The IDF started Operation Northern Shield Dec. 4 to neutralize the border tunnels dug by Hezbollah from Lebanon into Israeli territory. But the goal of Israel’s operation is apparently not only to protect residents of northern Israel from Hezbollah fighters.

Indeed, at a meeting with the heads of the towns and villages in the region on Dec. 11, Prime Minister Benjamin Netanyahu painted a horrific scenario in which “on some rainy, foggy day, Hezbollah emerges from the tunnels and kidnaps our people.” But according to the prime minister, there is more to the the tunnel network he'd said earlier on Dec. 4 “is part of a regional and global network of terror and aggression directed and funded by Iran.” The operation on the border with Lebanon is targeted at “Iran’s terror arm in Lebanon," he emphasized. Seated next to Netanyahu at that same event, IDF Chief of Staff Lt. Gen. Gadi Eizenkot promised “to keep hitting the Iranian entrenchment in the northern arena.”
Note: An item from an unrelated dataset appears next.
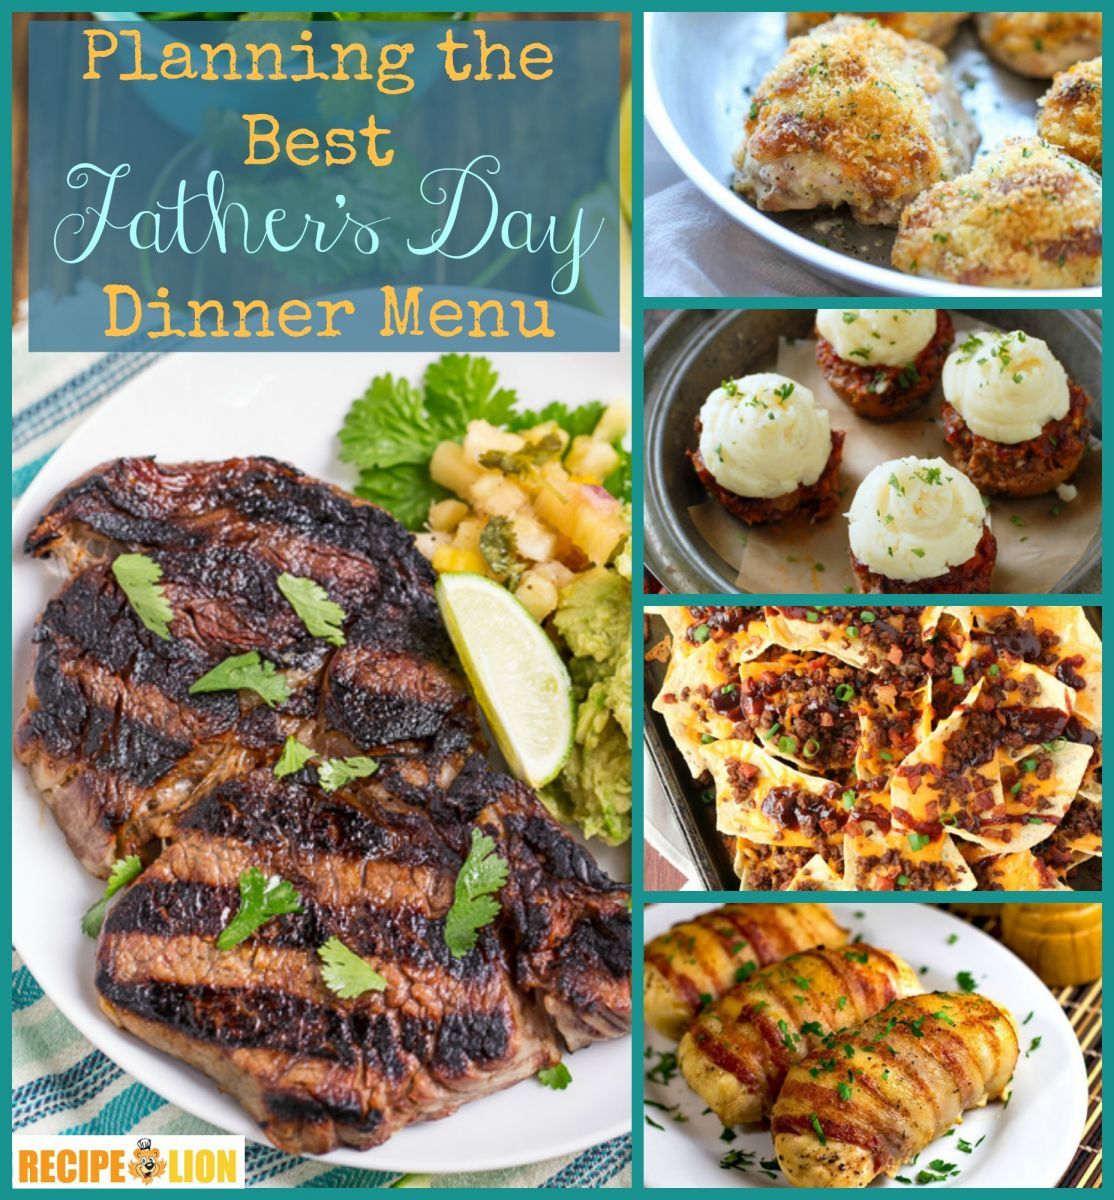 Easy Dinner Recipes for Father's Day | My dad will love all of these

Although Hezbollah has had access to the tunnels for two or three years, the organization has not used them. Israel’s intelligence community believes Hezbollah Secretary General Hassan Nasrallah has no interest in attacking Israel as long as his forces are deployed in Syria and his precision missile project is in its infancy. Although Hezbollah relies on Iran, it is first and foremost focused on internal matters. Like other groups that have become established movements, such as Sinn Fein in Ireland, it bears responsibility for the welfare of civilians if it wants to exert control and maintain its power.

In fact, ever since Israel withdrew its troops from Lebanon in May 2000, Nasrallah has initiated no war against Israel. Right after the Second Lebanon War in 2006, he declared that had he known Israel would land such a heavy blow on Lebanon, he would have foregone the kidnapping of the two Israeli soldiers that set off the deadly Israeli reaction.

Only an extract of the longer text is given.